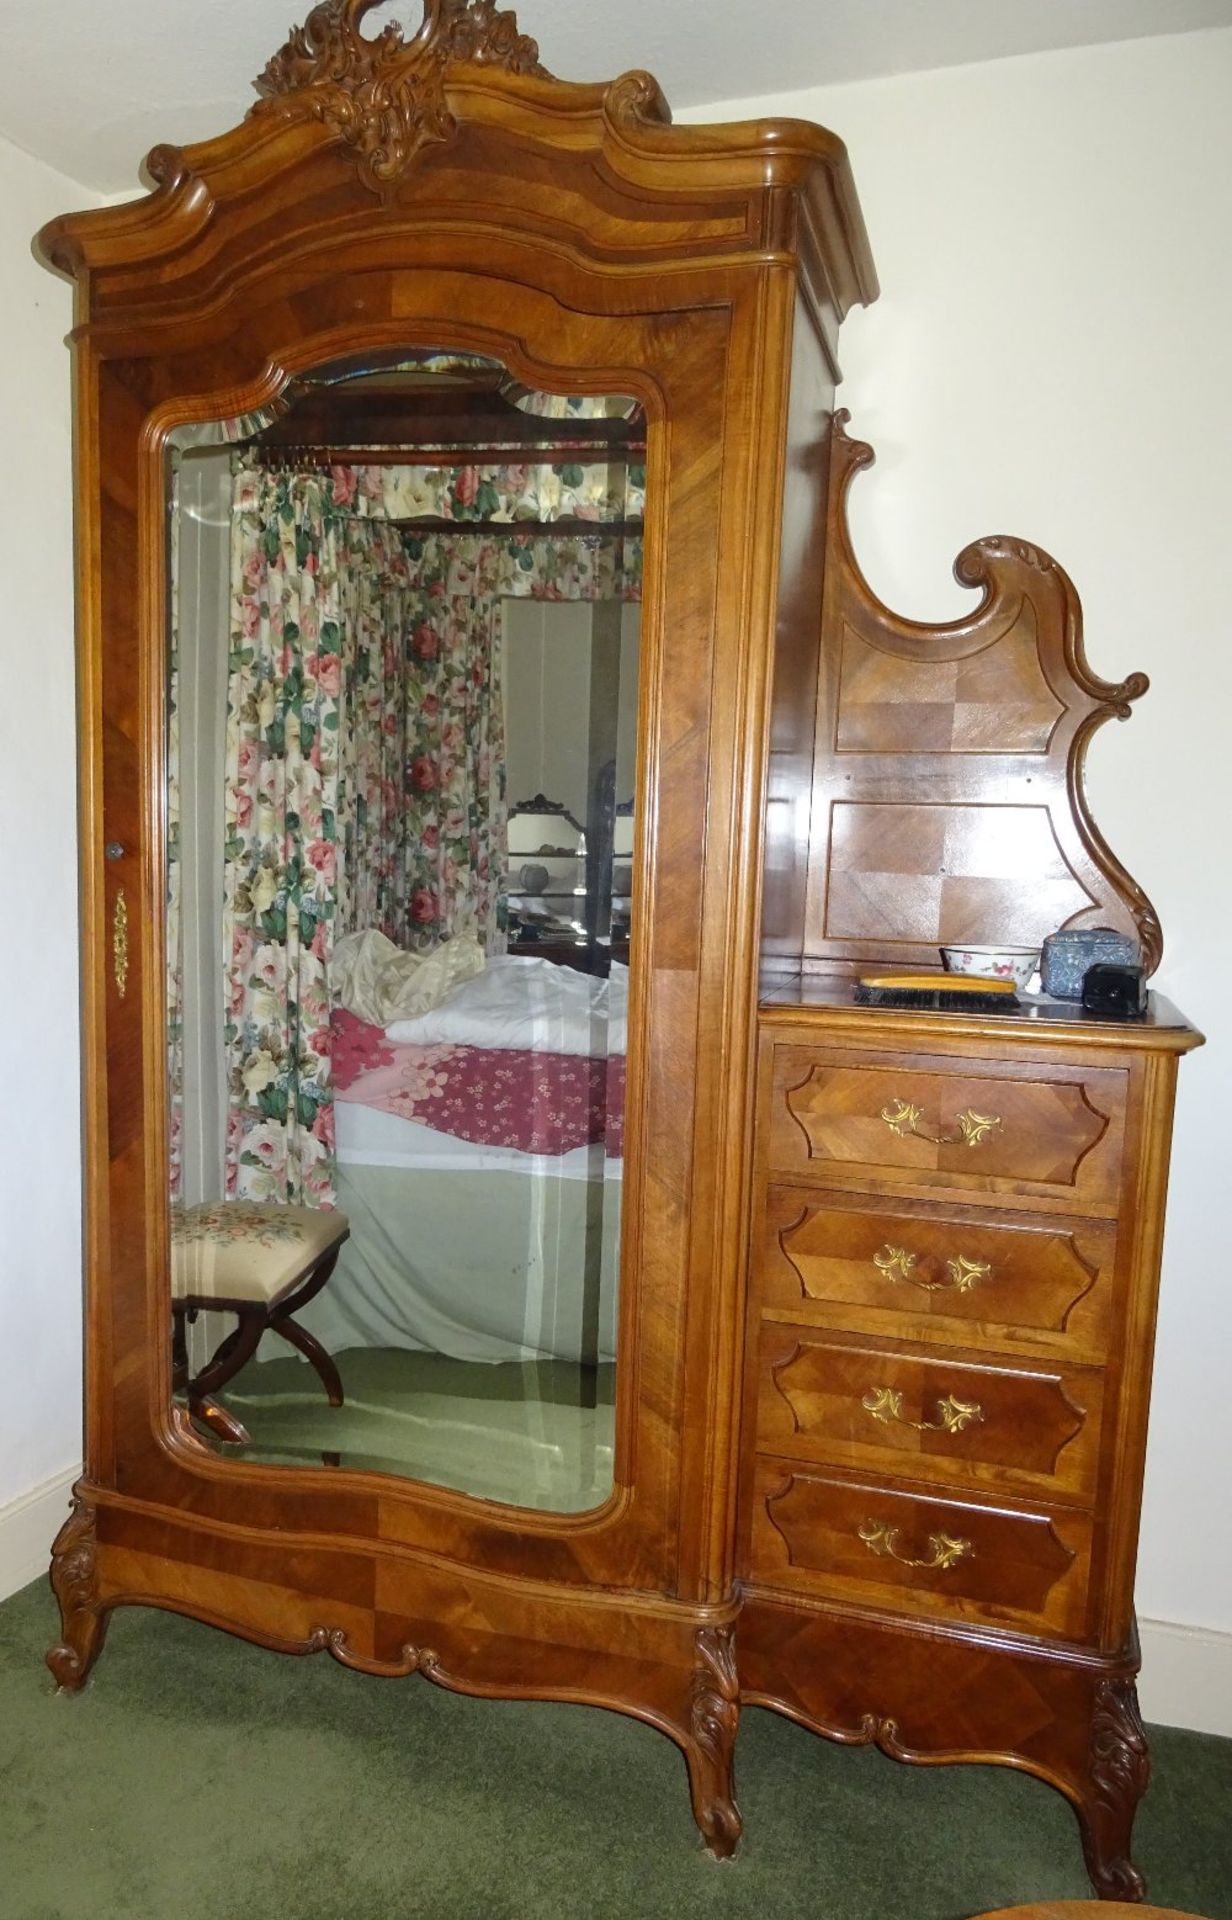 19TH CENTURY MAHOGANY ARMOIRE WARDROBE - FULL HANGING WARDROBE COMPLETE WITH FULL MIRRORED FRONT
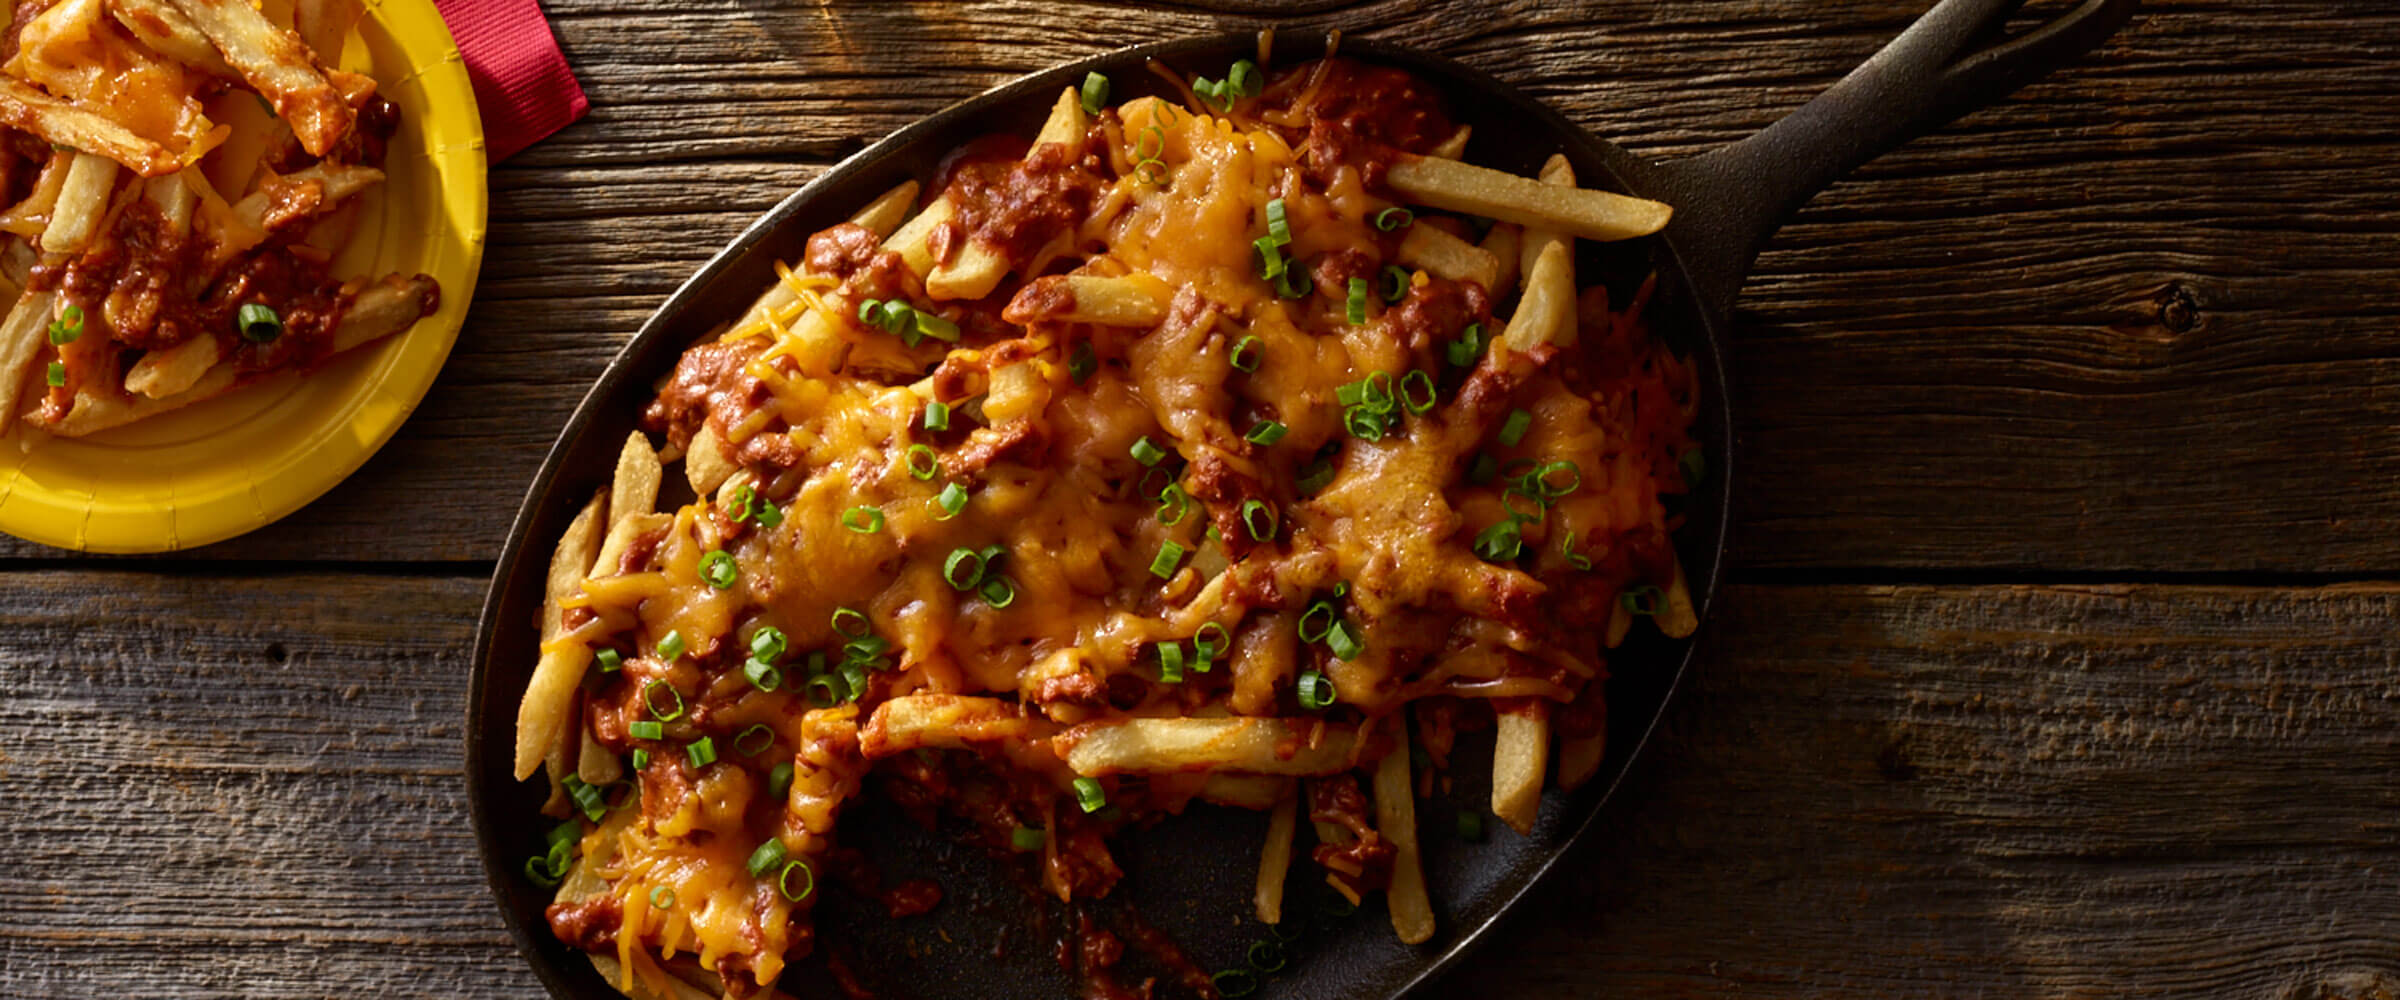 Chili Cheese Fries topped with green onion in skillet on wood table
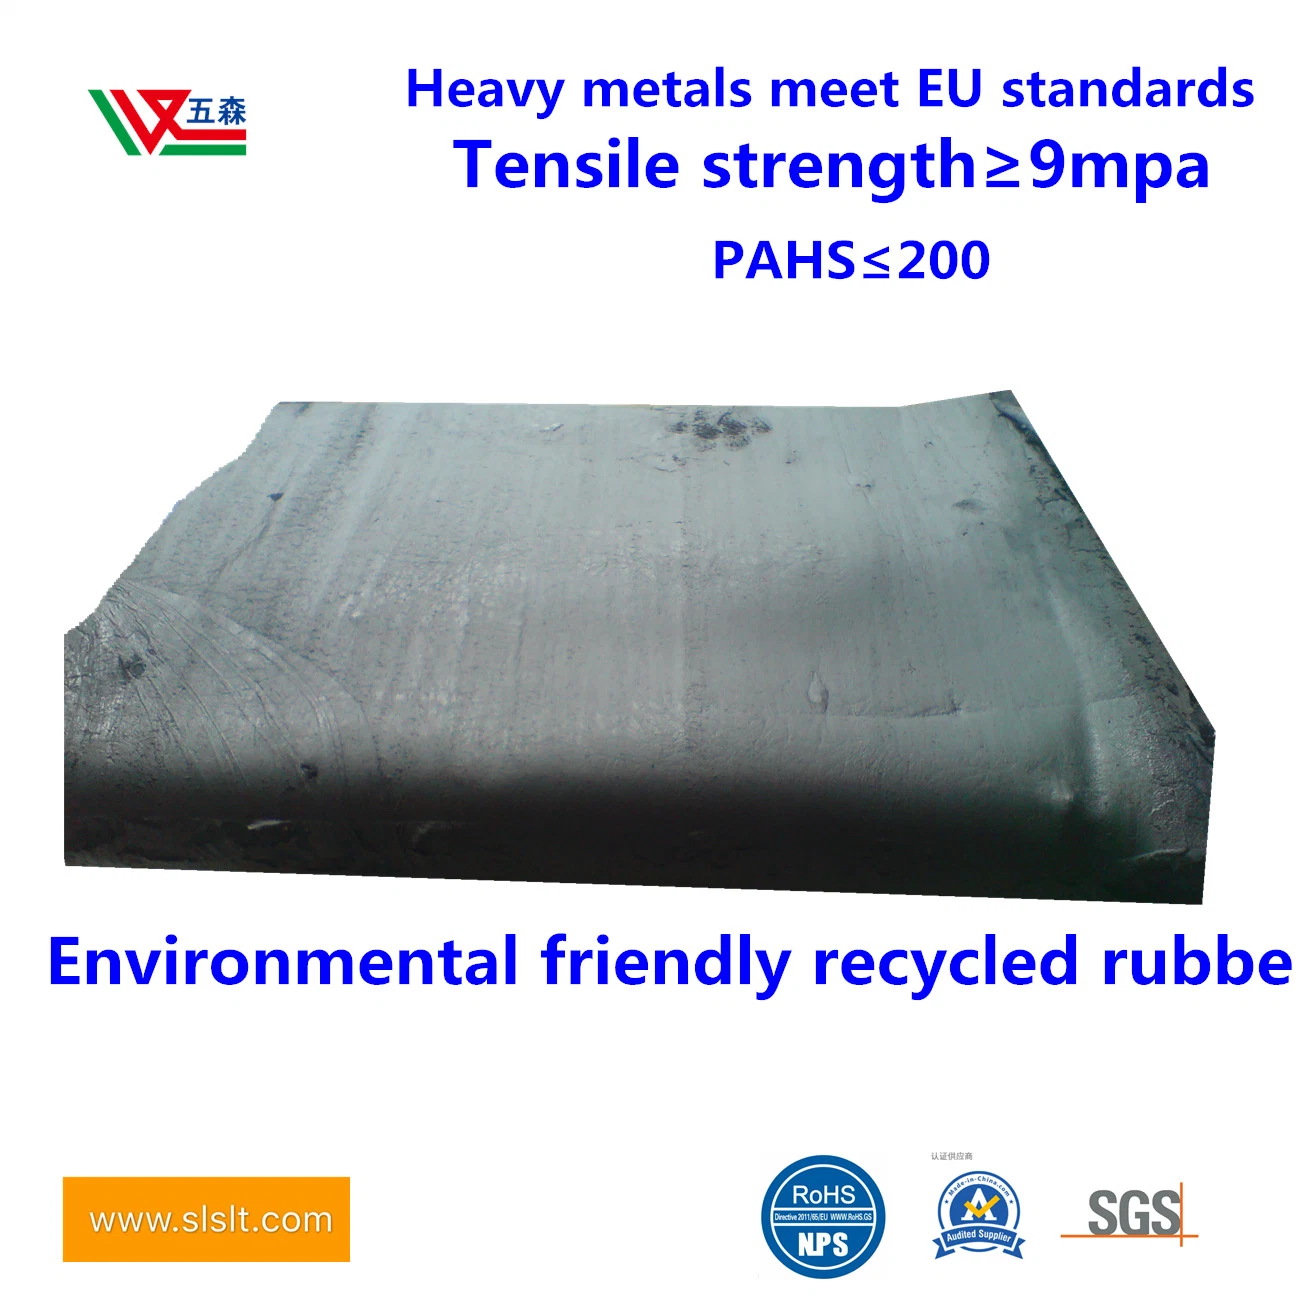 Environmental Friendly, Tasteless and Recycled Tire Rubber Tensile Strength 11MPa
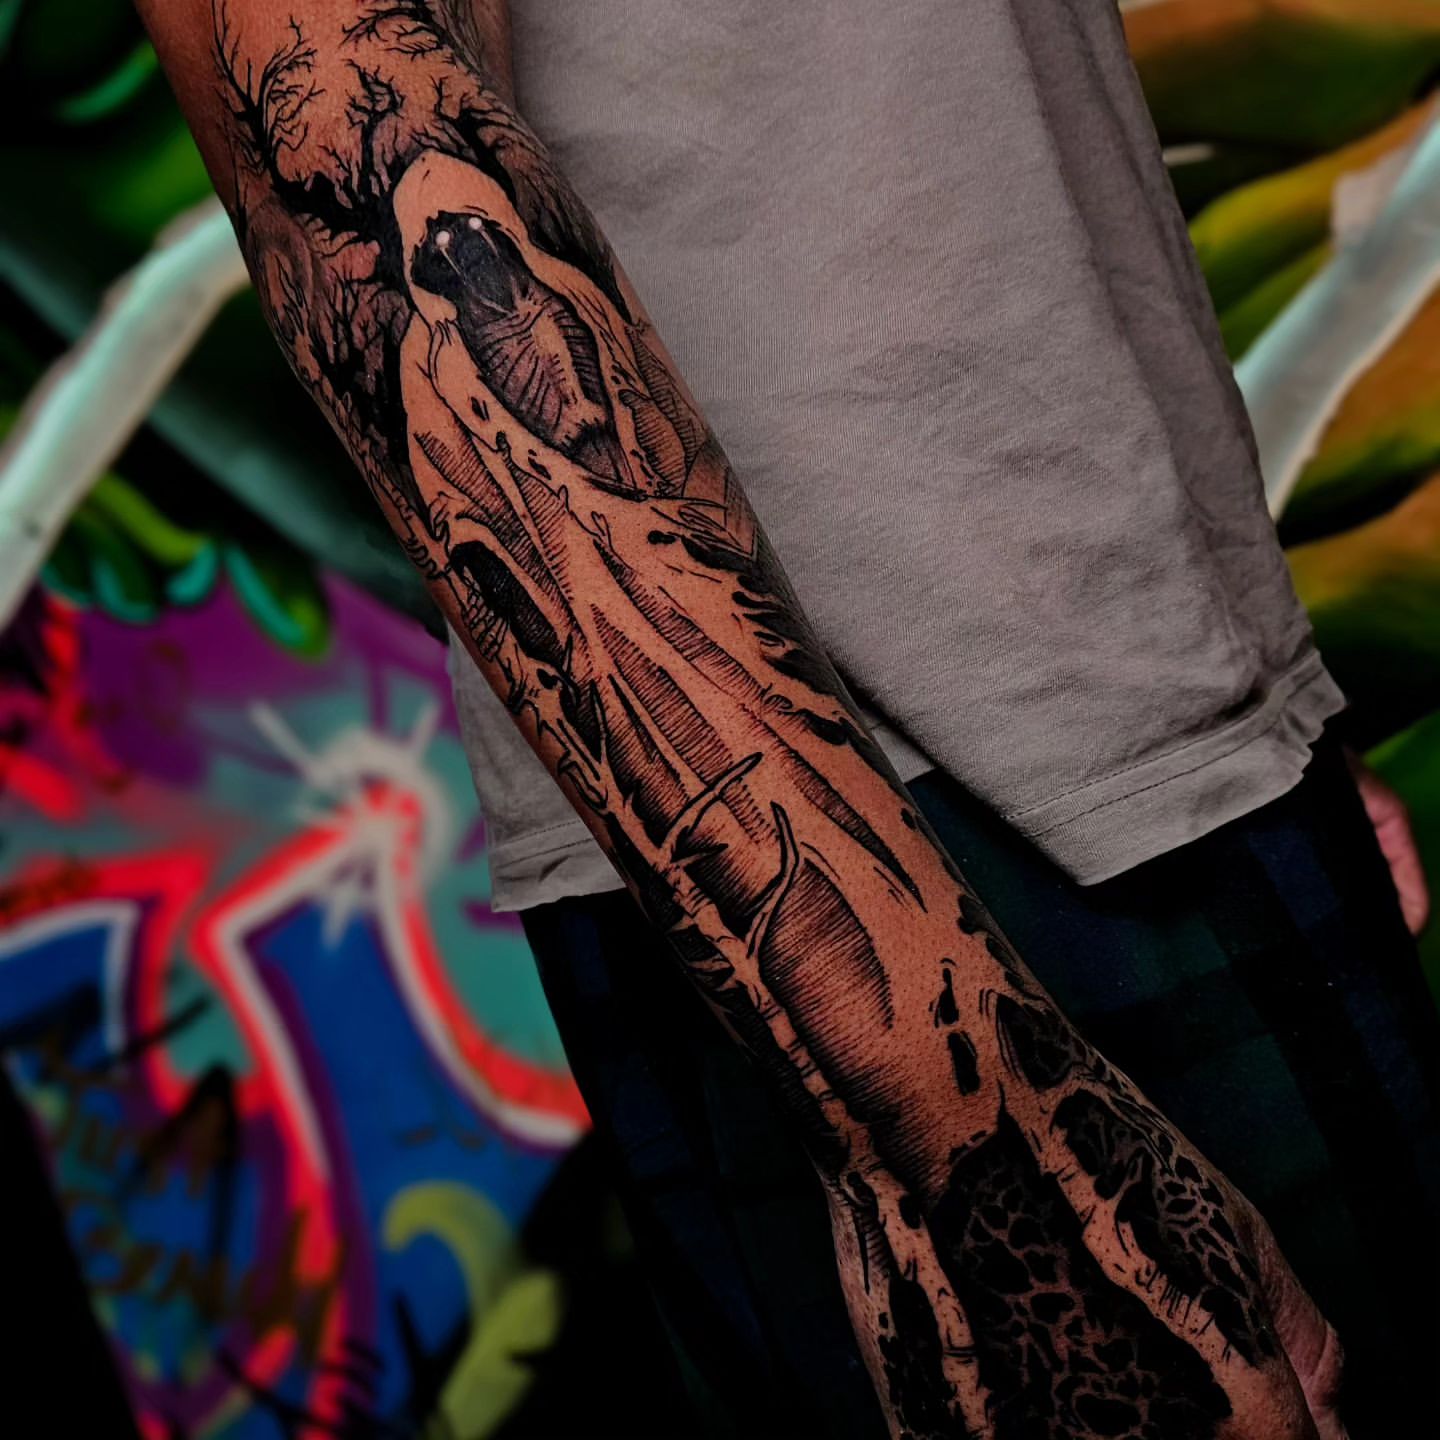 Looking for local tattoo artist for patchwork sleeve! : r/kansascity
===============
• **What the task asks**: From the line that holds "Environmental Friendly, Tasteless" to the last line of the data, return those lines exactly and nothing else; both ends count, and pictures stay out.

• **Output of the task**:
 Environmental Friendly, Tasteless and Recycled Tire Rubber Tensile Strength 11MPa
 Looking for local tattoo artist for patchwork sleeve! : r/kansascity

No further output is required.